While bitcoin and ether both saw gains last week — up 2.9% to $43,107 and 6.3% to $3,350, respectively — they are still far from their 2021 highs of $69,000 and $4,868.

Bitcoin and US stocks


Many cryptocurrency experts warn that no one is known to reliably predict bitcoin’s characteristic price swings. In 2017, for example, it went from around $1,000 to around $20,000. At the start of 2020, it fell below $4,000 at one point before starting a dizzying rise.

Still, advocates of bitcoin and other coins say the growing acceptance of cryptocurrencies in traditional finance and investments in recent years has bolstered the sector.

Cryptocurrency research firm Delphi Digital said its research showed a similar shift toward investors holding bitcoin longer, which it says “illustrates a shift from short-term ‘weak hands’ to investors.” “long-term” strong hands.

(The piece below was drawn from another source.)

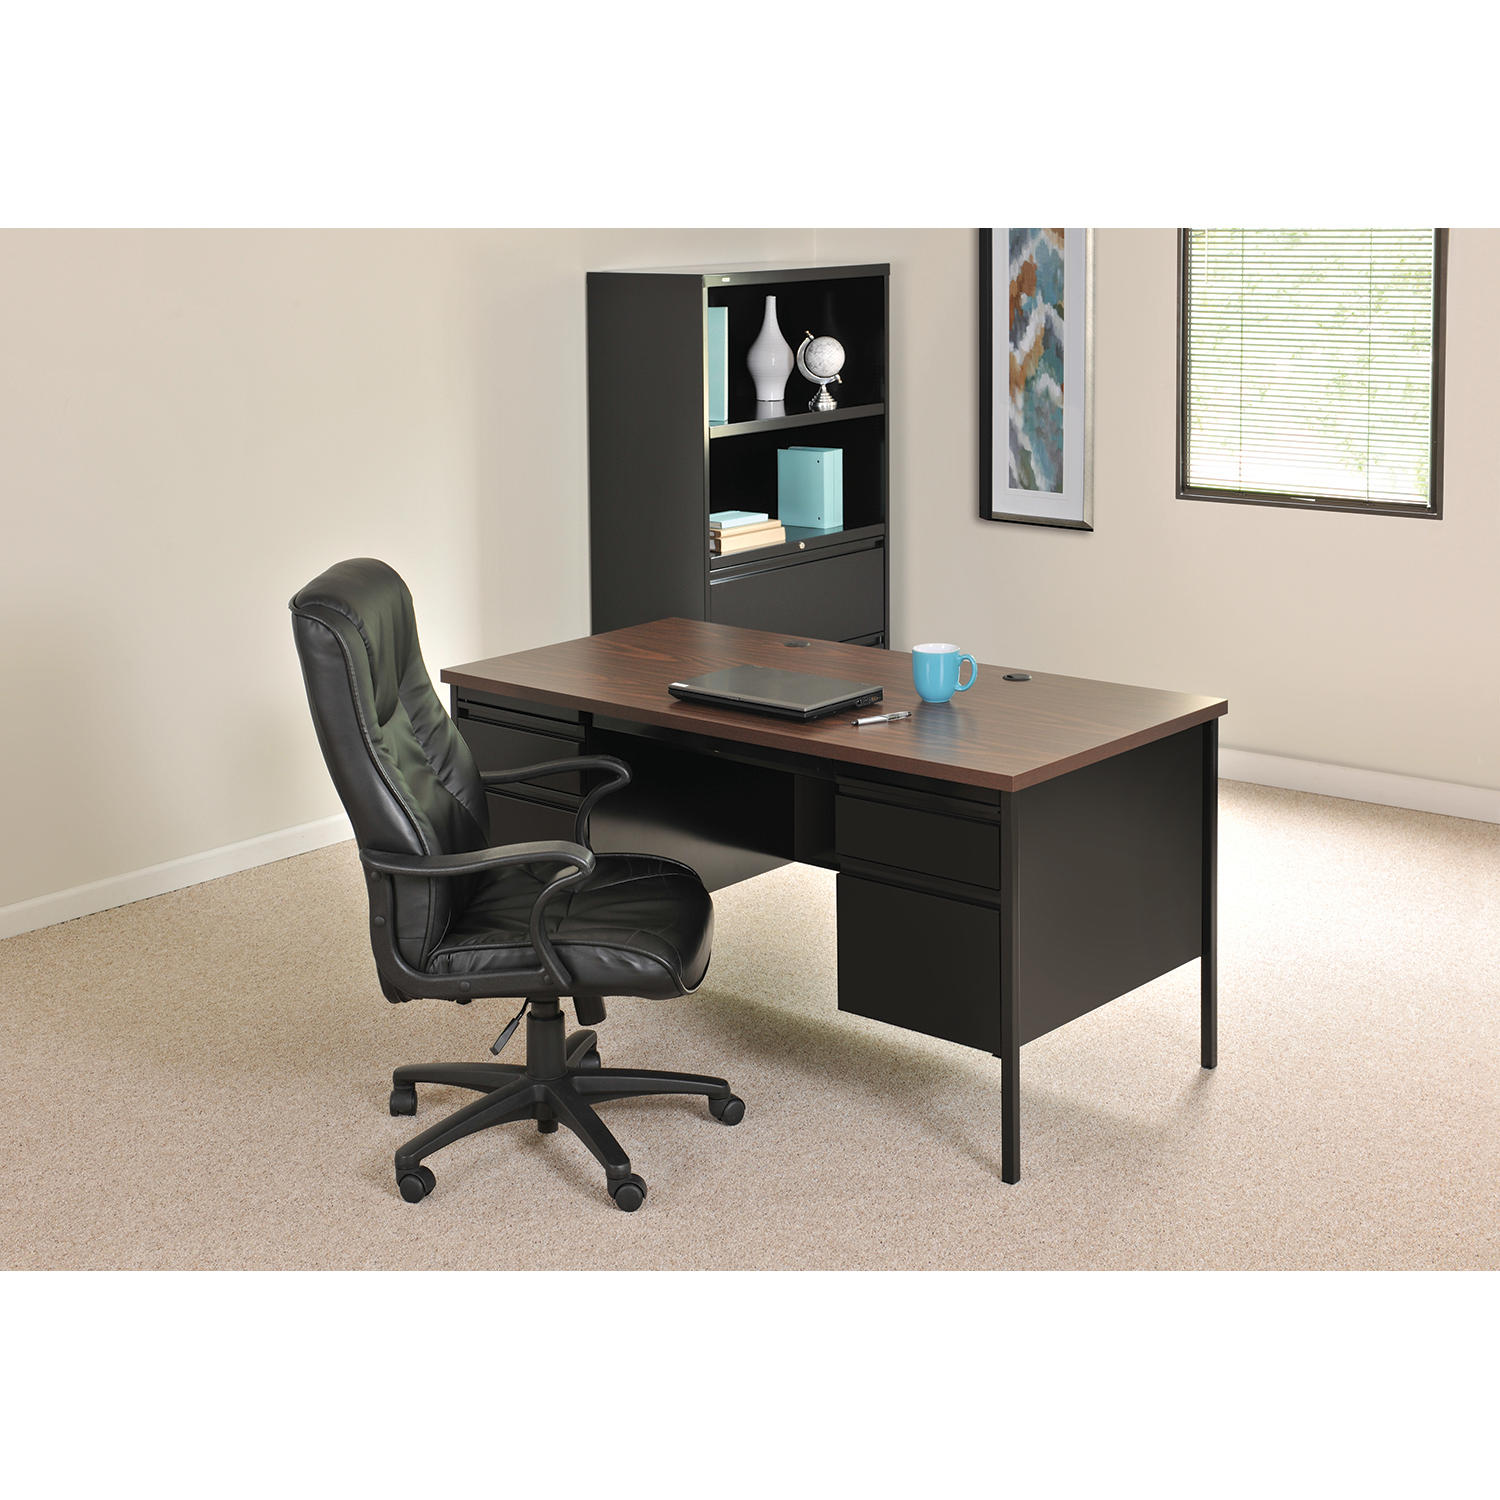 Hirsh Double Pedestal Office Desk with Center Drawer, Black/Walnut

Crypto data platform Coinglass’ Bitcoin Fear & Greed Index has been hovering between 10 and 29 year-to-date, which could be an indicator of a possible market bottom and buying opportunities, according to Will Hamilton, Head of Trading and Research at Trovio Capital Management.

“Previous market lows in July 2021 and March 2020 were correlated with fear and greed scores of 19 and 10 respectively,” he added.

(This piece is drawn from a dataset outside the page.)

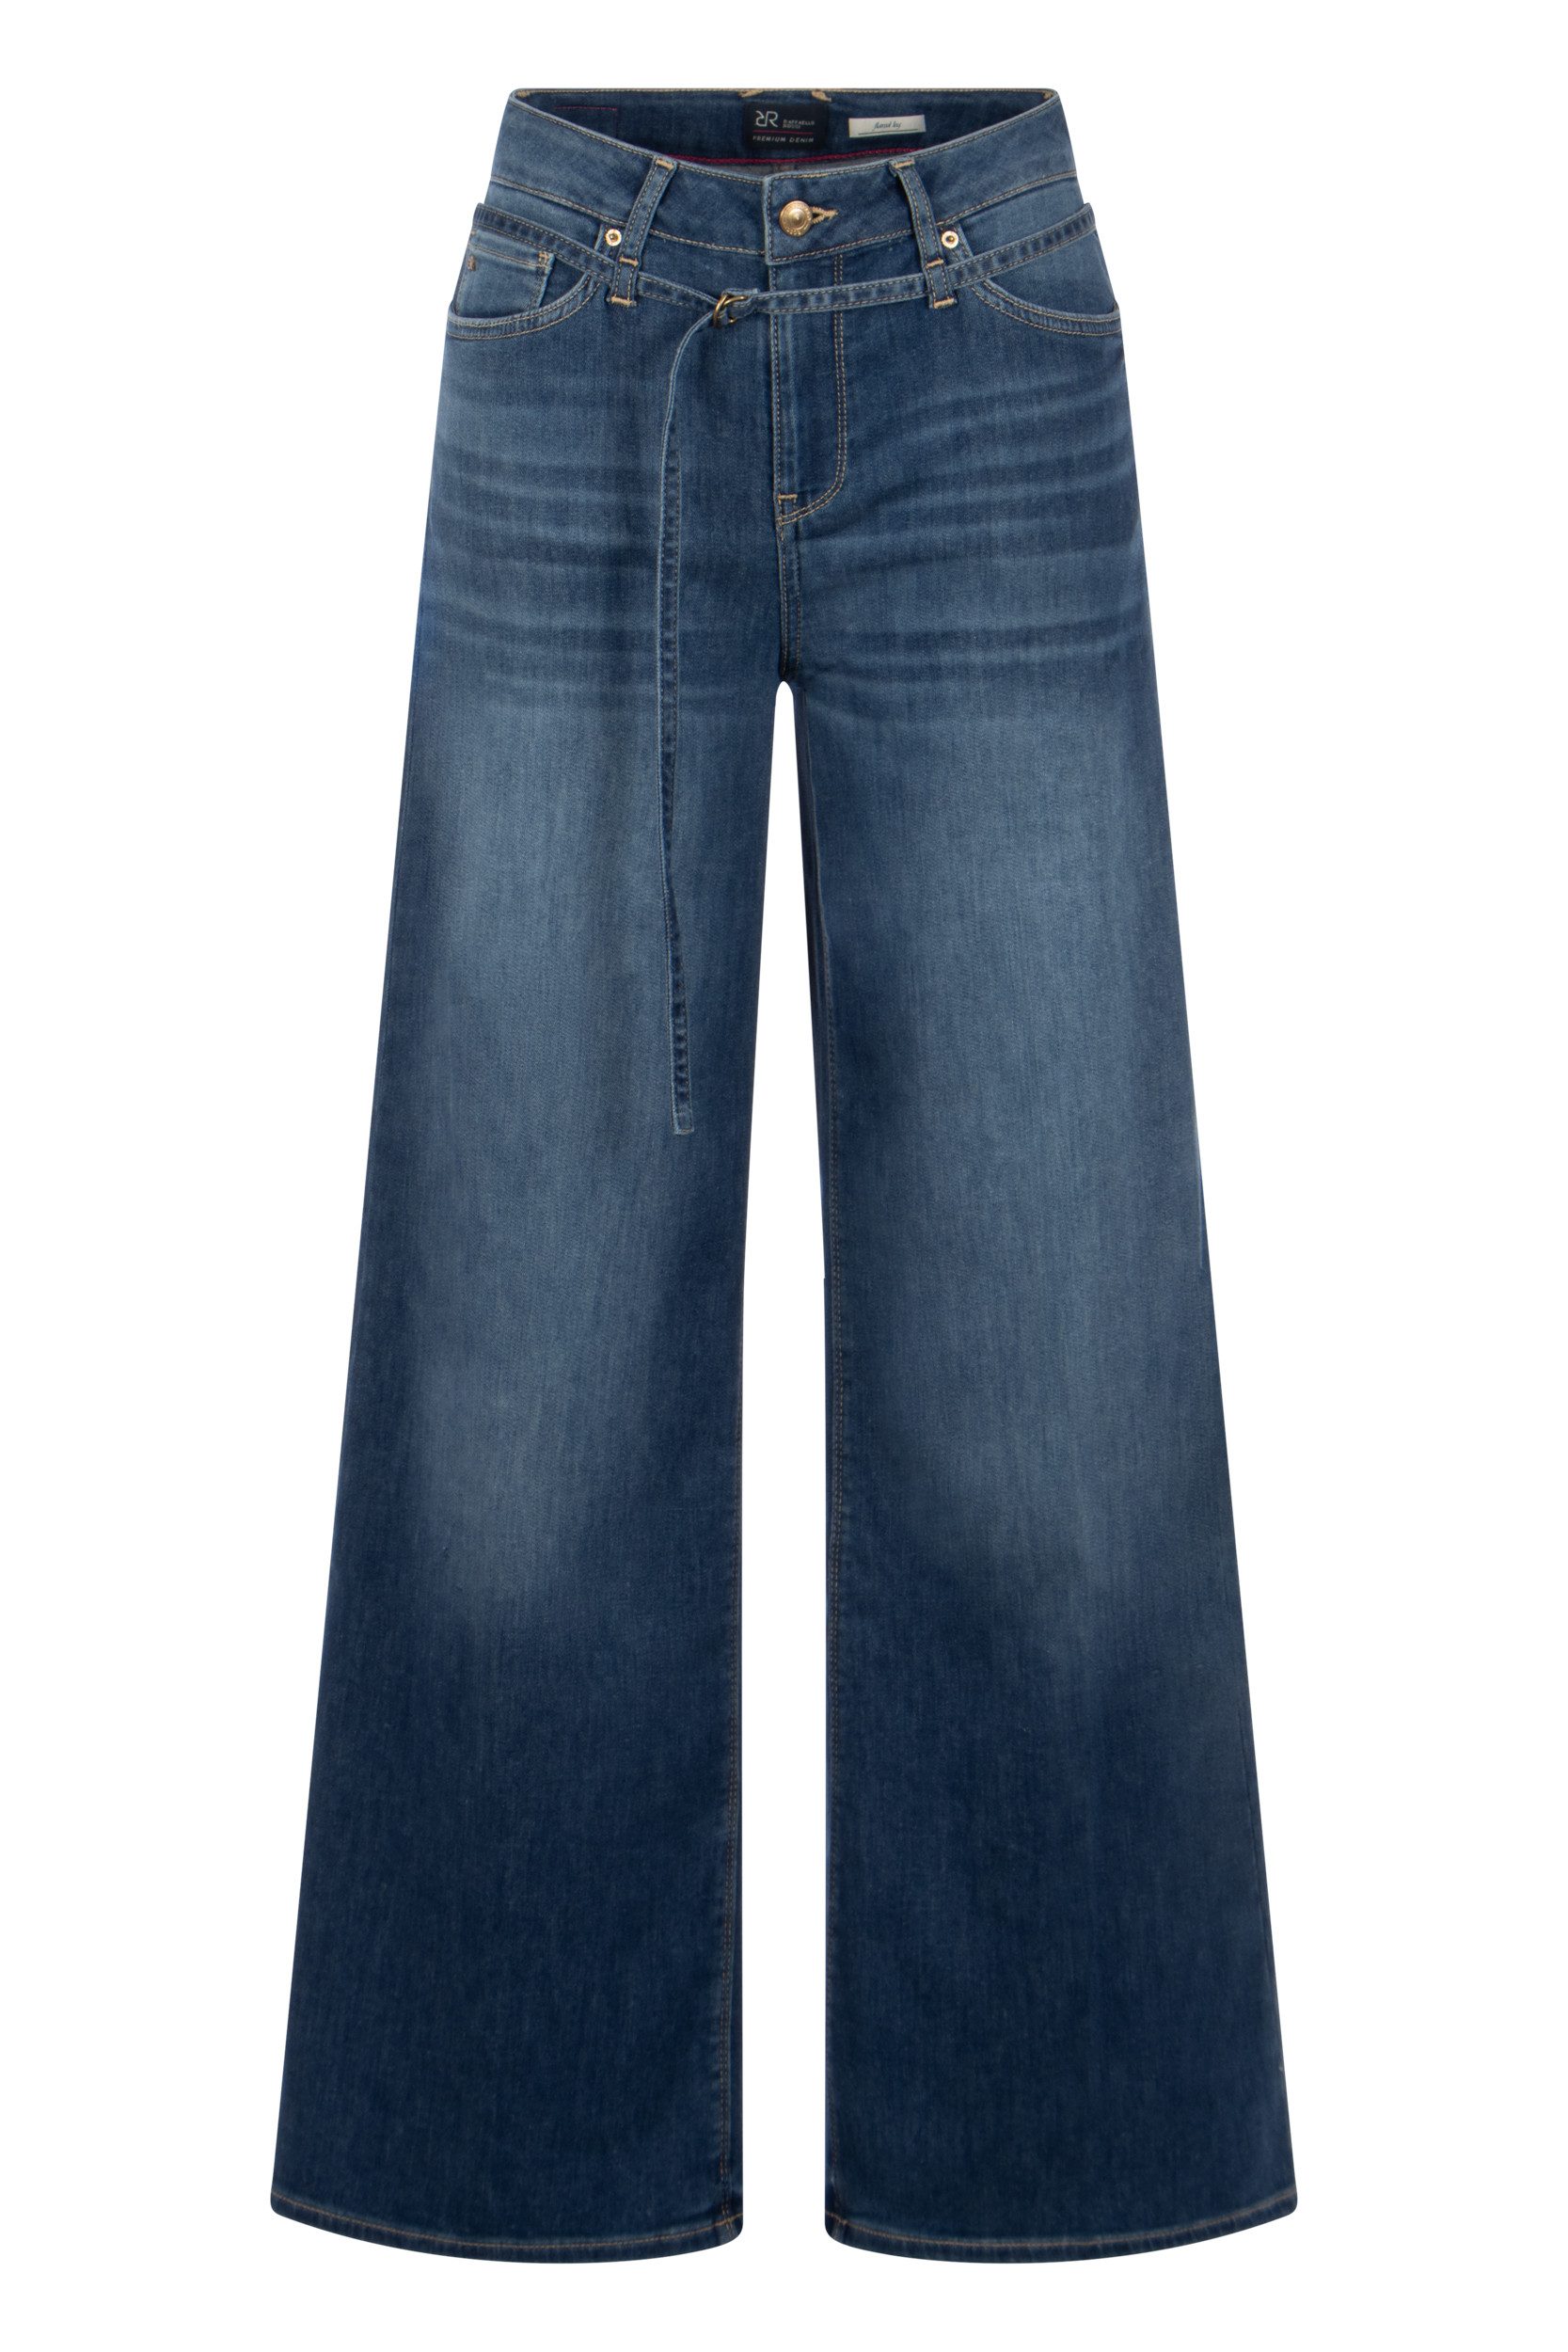 Raffaello Rossi 5-Pocket-Jeans Sventy B

For the uninitiated, 0 indicates “extreme fear” and 100 “extreme greed”.


There were, meanwhile, more headlines for cryptocurrencies last week.

The meme-based dogecoin stole the show after Tesla (TSLA.O) CEO Elon Musk tweeted that the company would accept it as payment for certain goods. Read more

The tweet sent dogecoin up almost 12%.

“If more people are looking to buy Tesla merchandise with dogecoin, there’s more demand,” Acheson said, adding that the move could improve dogecoin’s fundamentals.

Another targeted altcoin was the Solana cryptocurrency, with analysts at Bank of America saying the Solana blockchain could take market share away from Ethereum and “could become the visa for the digital asset ecosystem.”

Elsewhere, bitcoin miners rebounded from the mining crackdown in China and recent unrest in Kazakhstan, one of the world’s top bitcoin mining hubs. Read more

Bitcoin’s average “hash rate,” a measure of the power of the bitcoin computer network, hit an all-time high of more than 215 million terahashes per second on Thursday, according to blockchain data provider Glassnode.